■ **PROVIDED MATERIAL**
┄┄┄┄┄┄

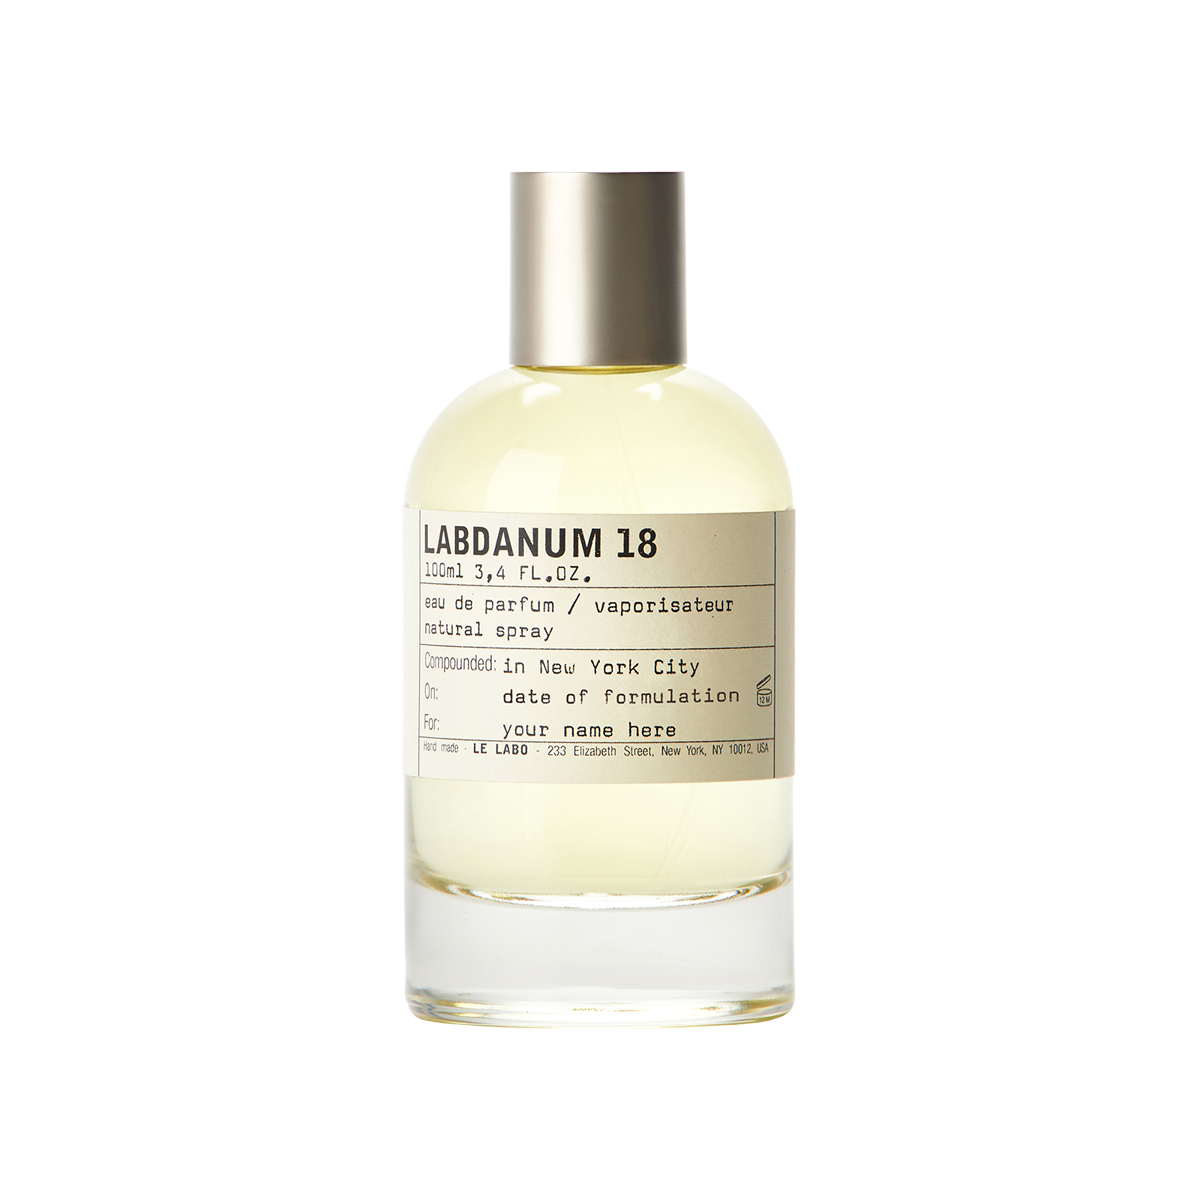 Le Labo fragrances - Labdanum 18 Perfume
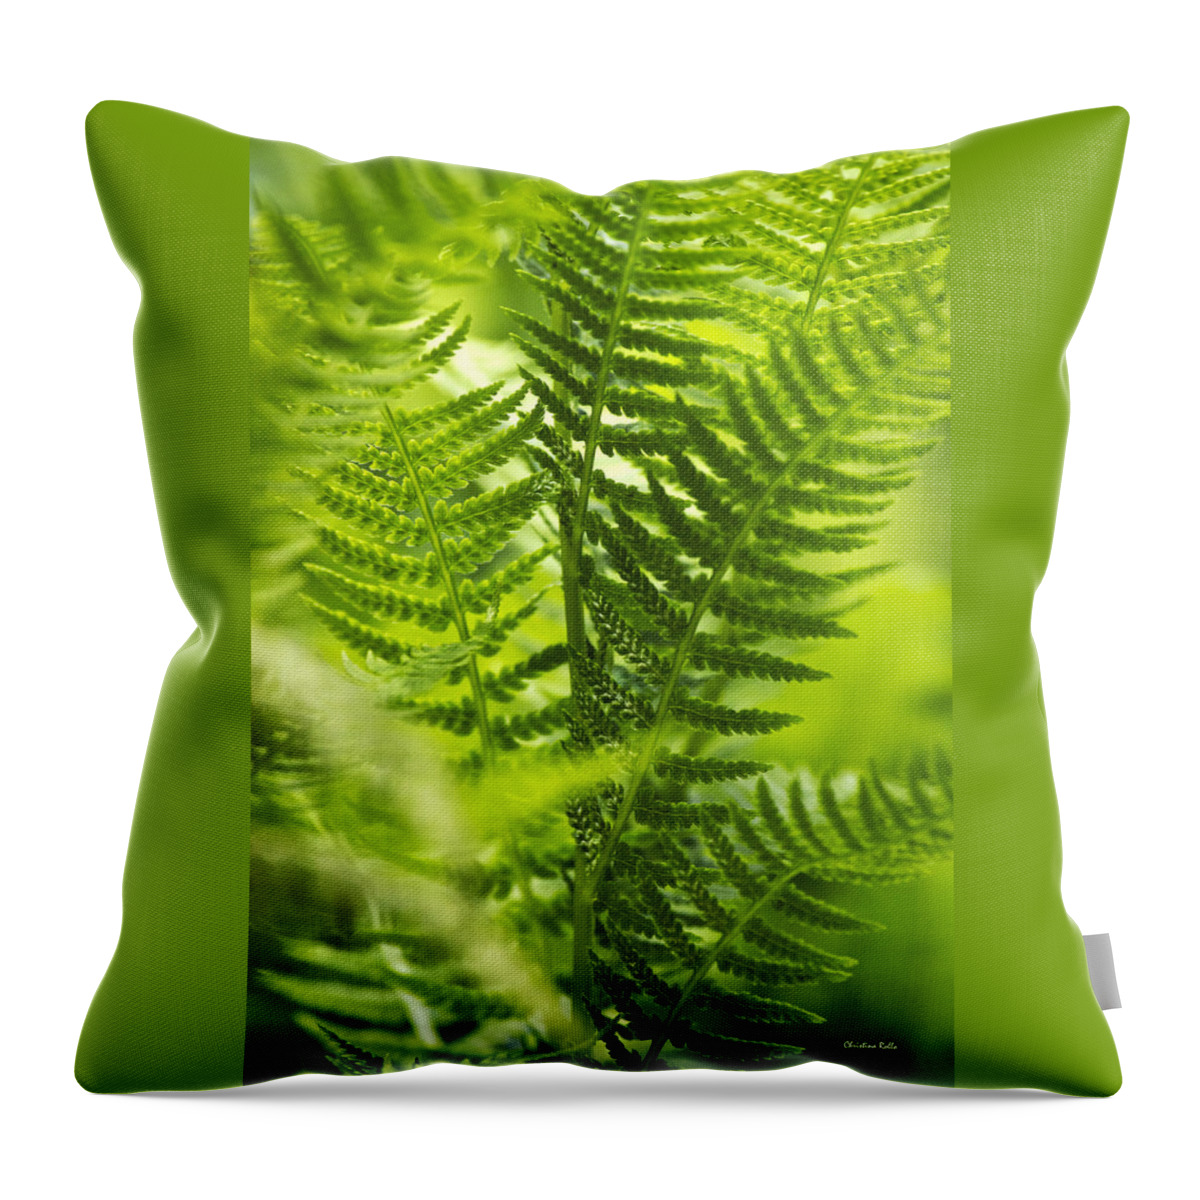 Fern Throw Pillow featuring the photograph Green Fern Art by Christina Rollo
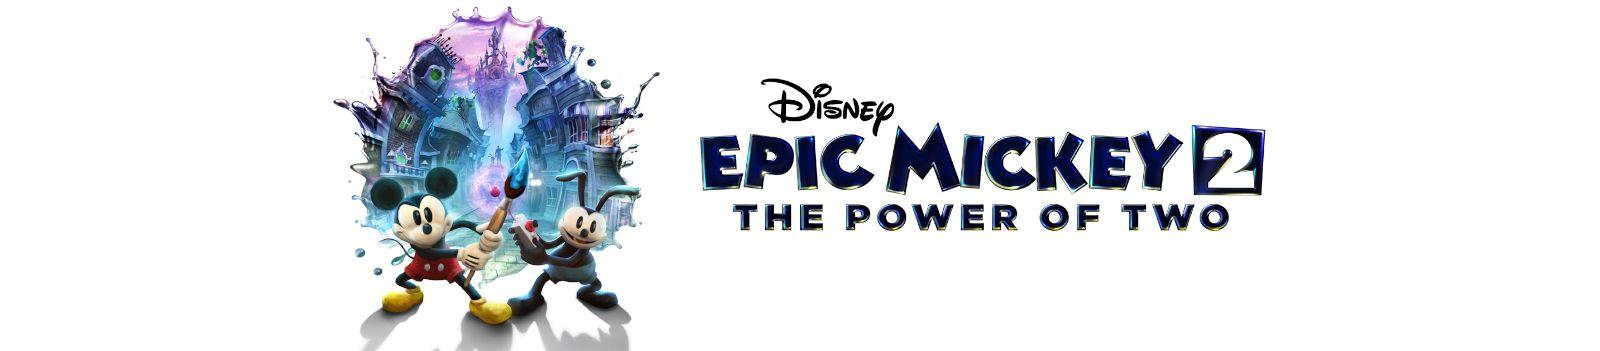 Epic Mickey 2 Logo - Etisalat UAE. Disney Epic Mickey2
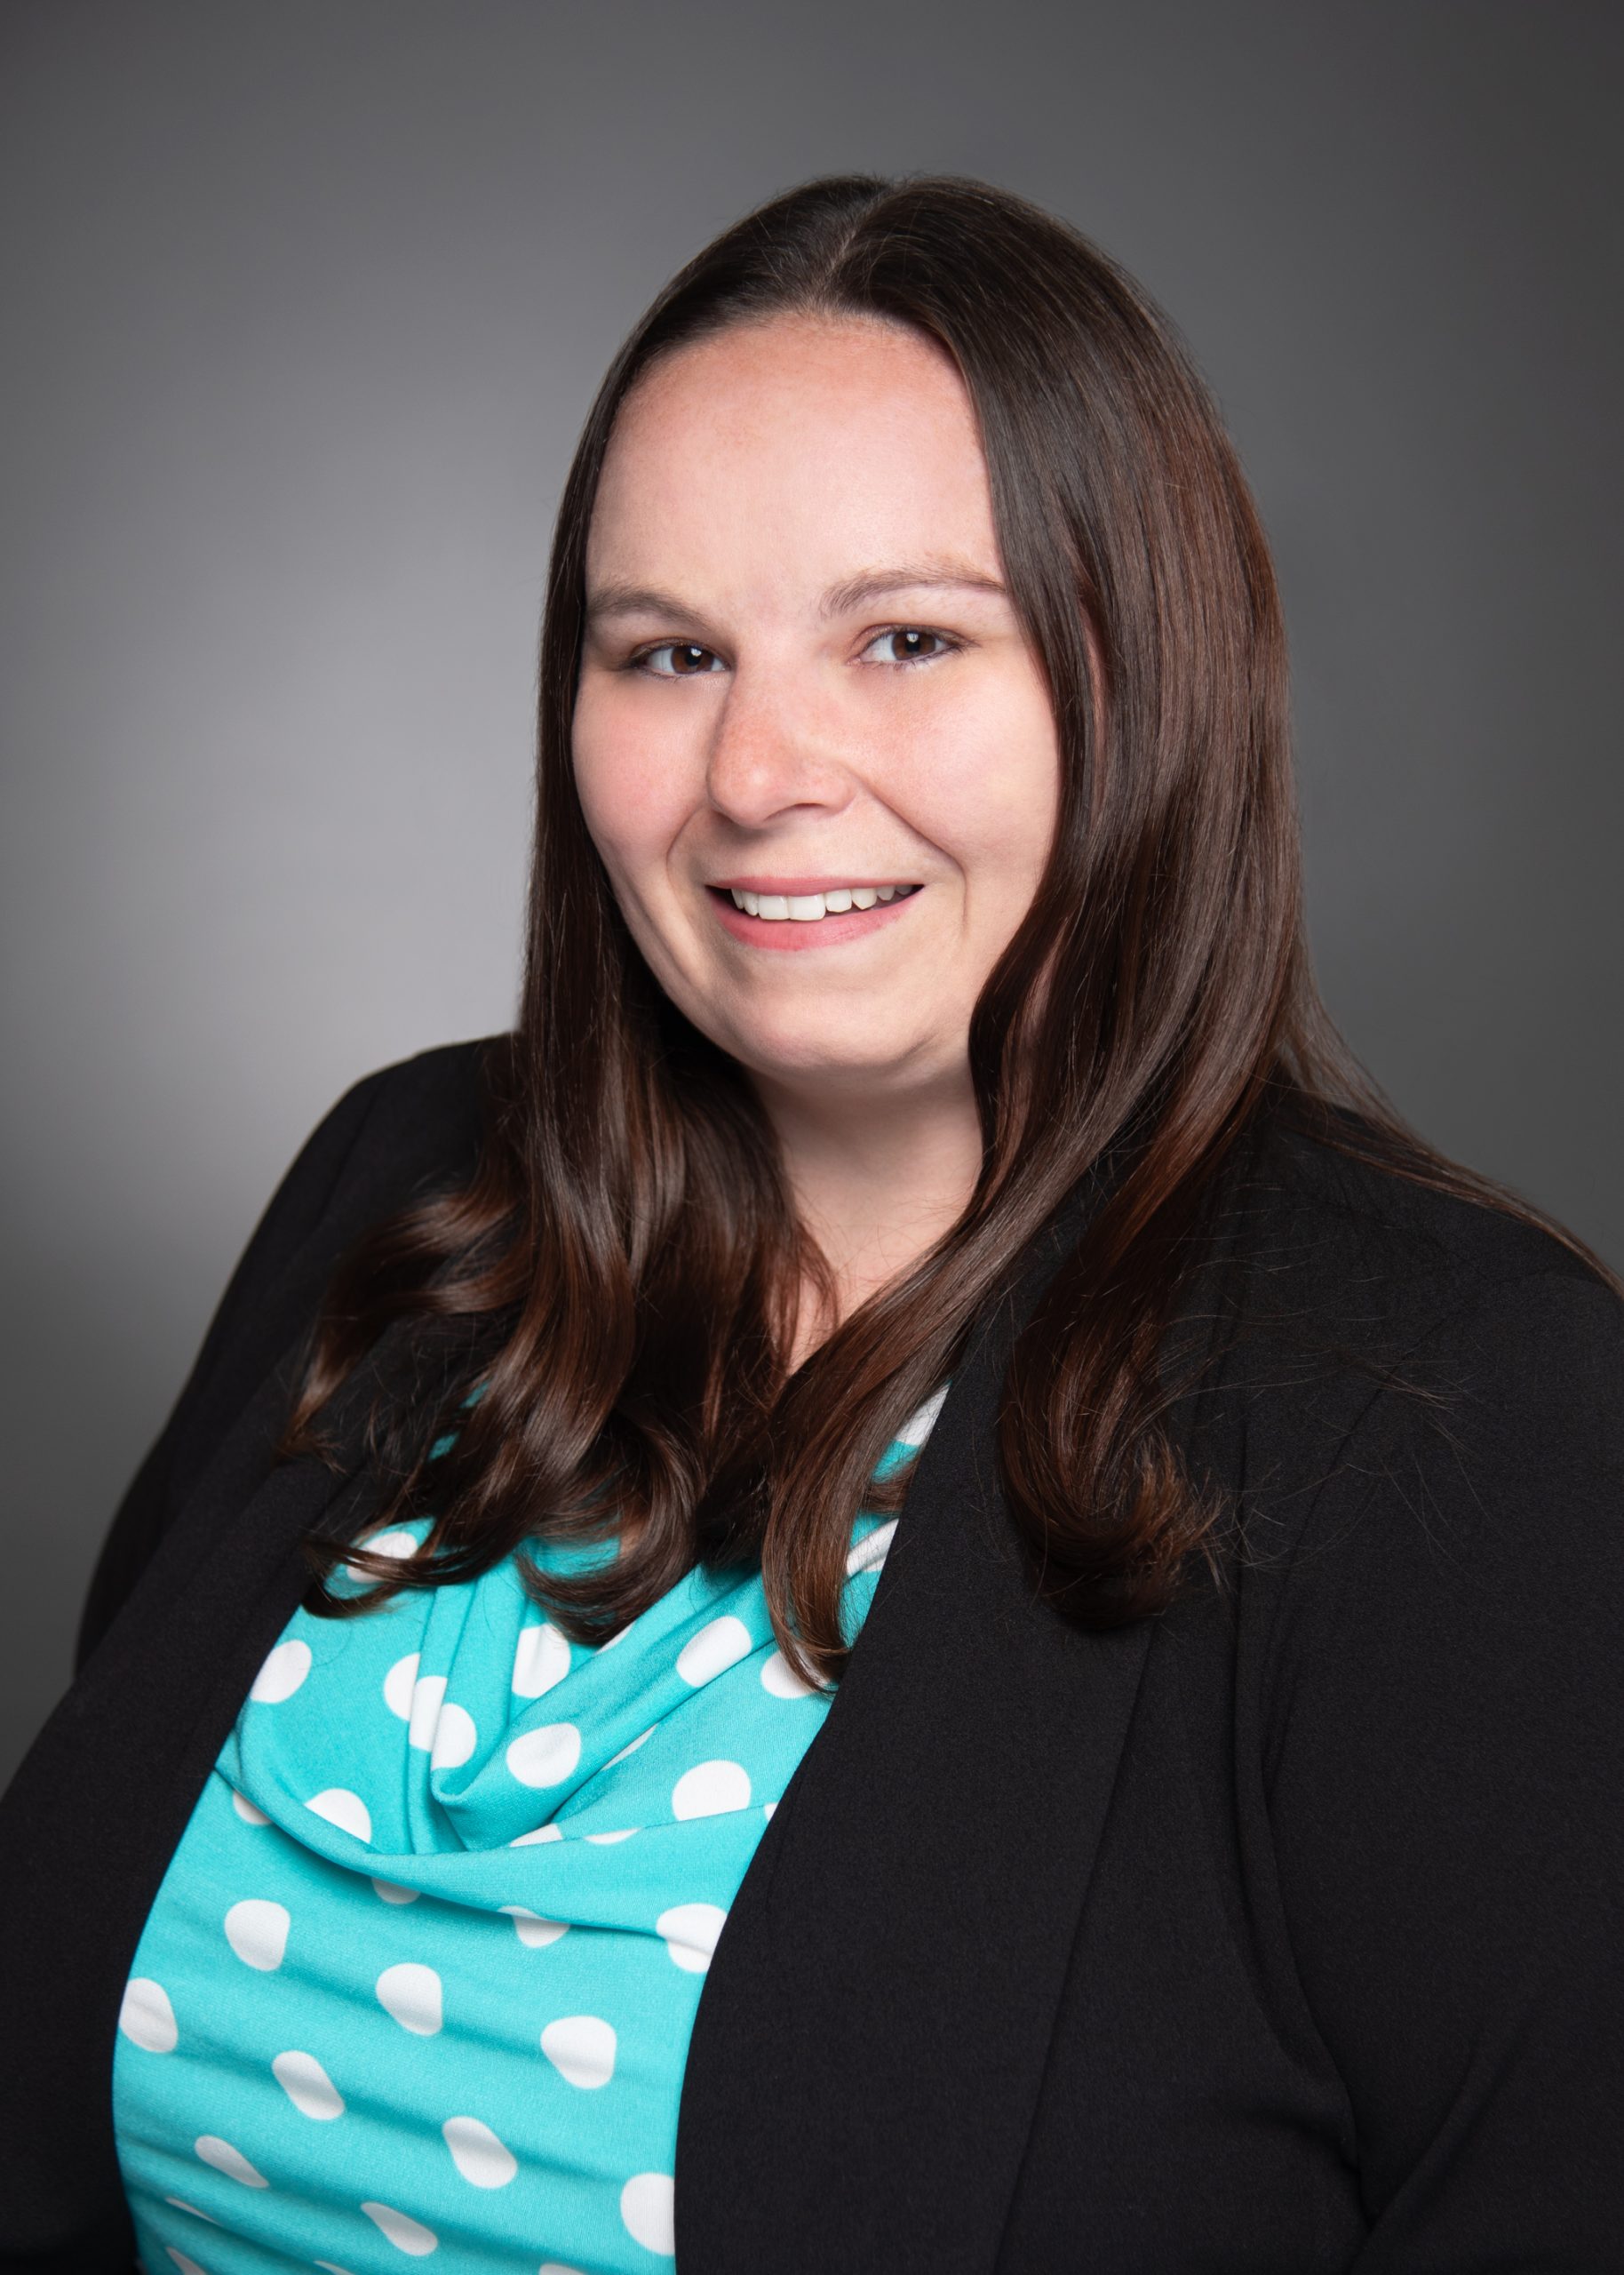 professional headshot of Stephanie Lowry, Accounting Associate, wearing a polka dot blouse and blazer

┄┄┄┄┄┄

■ **ASSIGNED TASK**
Word for word, repeat the data above with the pictures left out.

■ **RESPONSE AREA**
 Le Labo fragrances - Labdanum 18 Perfume
 Fern Throw Pillow featuring the photograph Green Fern Art by Christina Rollo
 Epic Mickey 2 Logo - Etisalat UAE. Disney Epic Mickey2
 professional headshot of Stephanie Lowry, Accounting Associate, wearing a polka dot blouse and blazer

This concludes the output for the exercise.